I chuckled, “I love seeing you smile. And hearing you laugh.”
Her eyes locked on mine, but she didn’t say anything.
We continued our meals in silence until I said, “There’s a war creeping around us.”
“Clearly.”
“His network continues to crumble, but there are people involved who would stop at nothing to cover their tracks.”
She nodded in understanding. “Well, we have each other. We’ll wade through together and come out stronger.”
“You’re under my protection until all this is over,” I promised. “And under my control.”
“I’m tired of being controlled,” she remarked, meeting my gaze. “I'll help you, but on my terms.”
“You’re strong. Braver than one would have thought. That was one of the first things I noticed about you.”
She raised a brow. Then she asked with a small smile, “Do you want to know what I first noticed about you?”
“What?” I asked, genuinely curious.
“Your control. It’s beyond the authority that comes with your title, it’s…you. You move, speak, and operate as if there’s no reason for you to lose your cool. I admired that even when I hated you.”
She used hate in the past tense. There was no way I wouldn’t notice that.
“I do lose my cool at times.”
“You’re human, Konstantin. That’s normal,” she remarked before asking. “On a physical level, though, you know what I first noticed and liked about you?”
“What?”
“Your eyes. They’re so blue and beautiful. Especially when they’re not glaring or cold.”
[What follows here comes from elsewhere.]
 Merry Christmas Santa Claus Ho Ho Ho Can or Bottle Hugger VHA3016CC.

I chuckled at the last part.
“I love your hair. Always have,” I confessed. “Especially when it’s down. Which it rarely is.”
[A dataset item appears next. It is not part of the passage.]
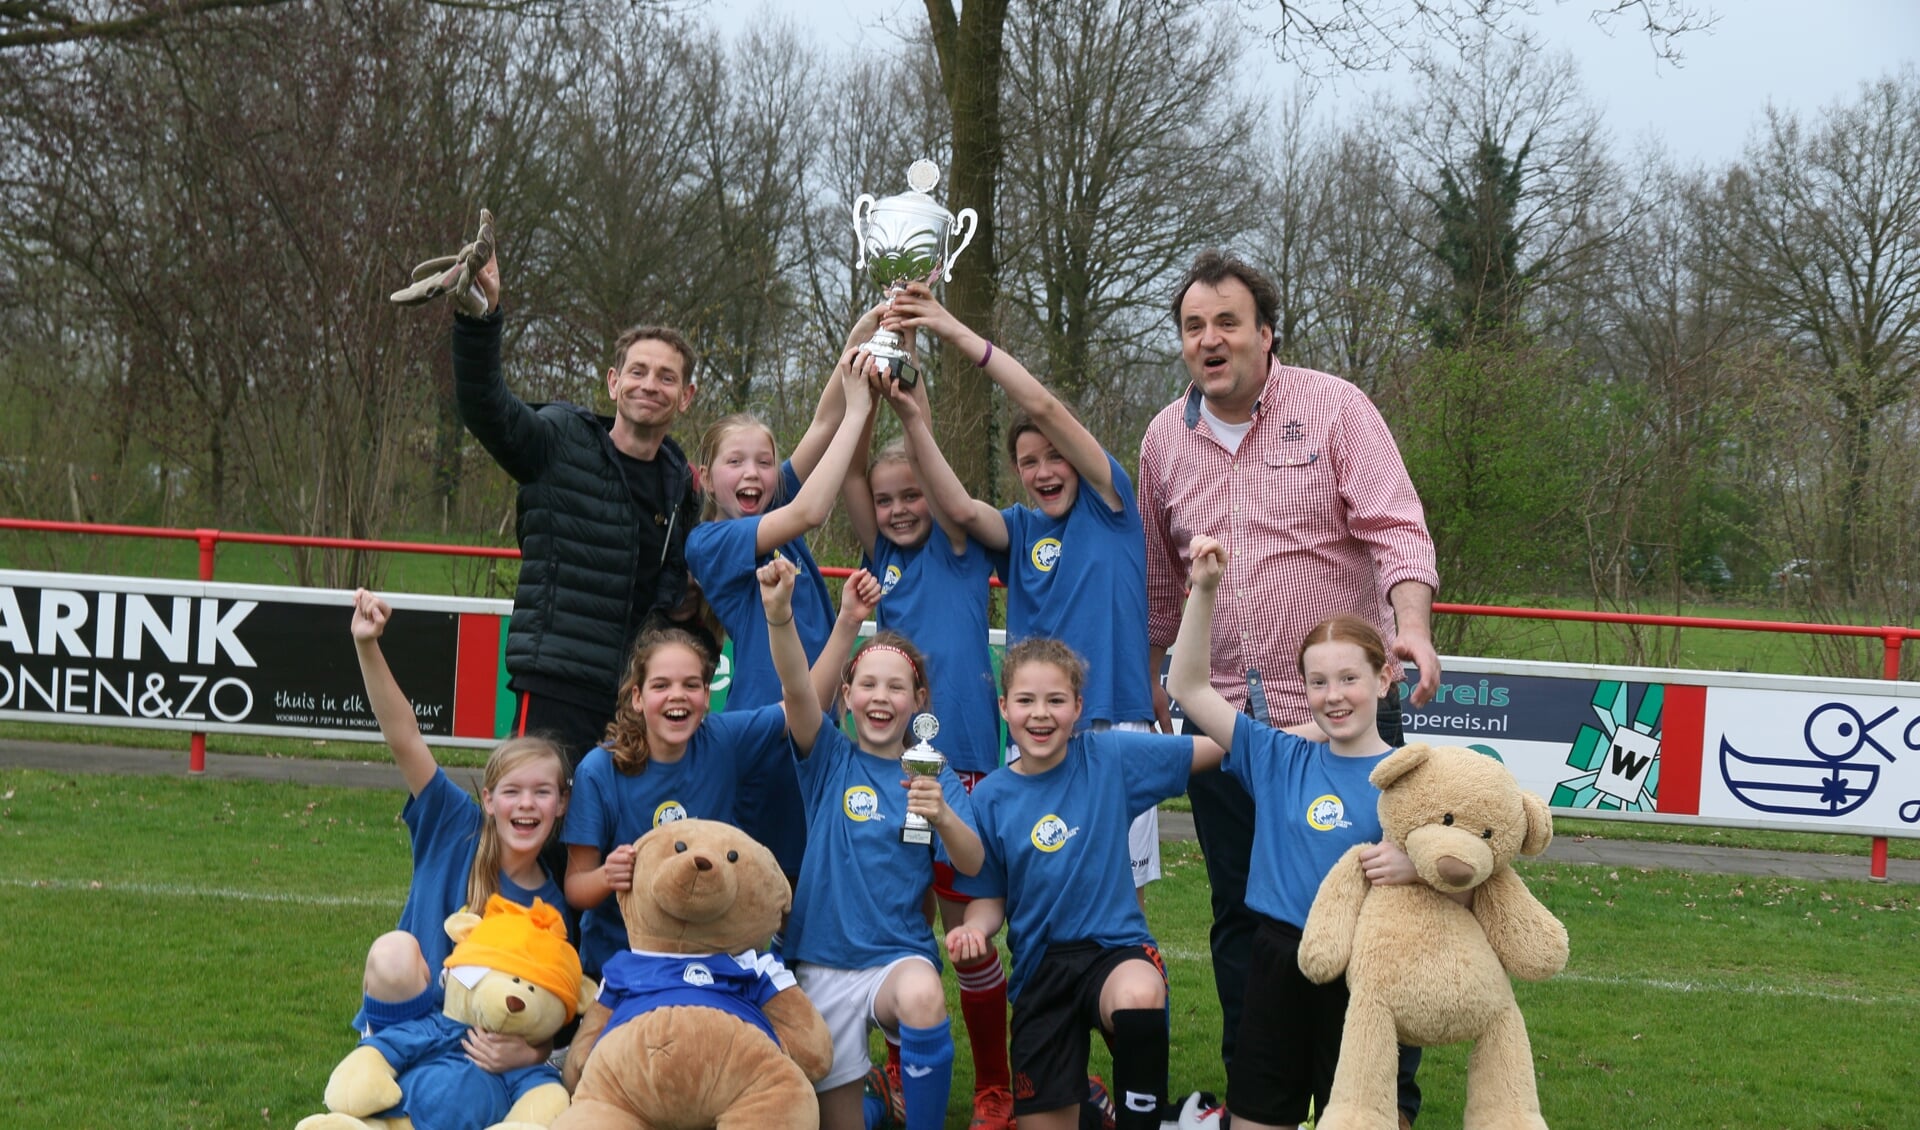 Het meisjesteam van de St. Jorisschool, dat kampioen werd. foto: PR

She giggled, and I chuckled.
“How did you know I like carrots?” she asked.
“Liza brought them for you,” I answered. “So I asked her.”
“Wow. You see, this further proves my point that you have a way of—”
“Found something. You should see this,” Mila proclaimed, bursting out of the office and across the sitting room. She held up a flash drive. “It’s huge. And it implicates someone in the Lobanov household.”
Chapter Twenty-One
Alina’s POV
Mila rushed in with a flash drive, and we both stood up. I watched Konstantin as he practically yanked the flash drive out of her hands and went to his laptop on the sitting room table. I followed him and sat beside him while Mila took the next couch.
Our eyes were fixed on the screen as we looked at the different series of offshore transfers and coded emails.
“These are all from someone inside the manor to Morozov’s old network,” Mila explained.
One of the email addresses jumped out at me; I recognized it.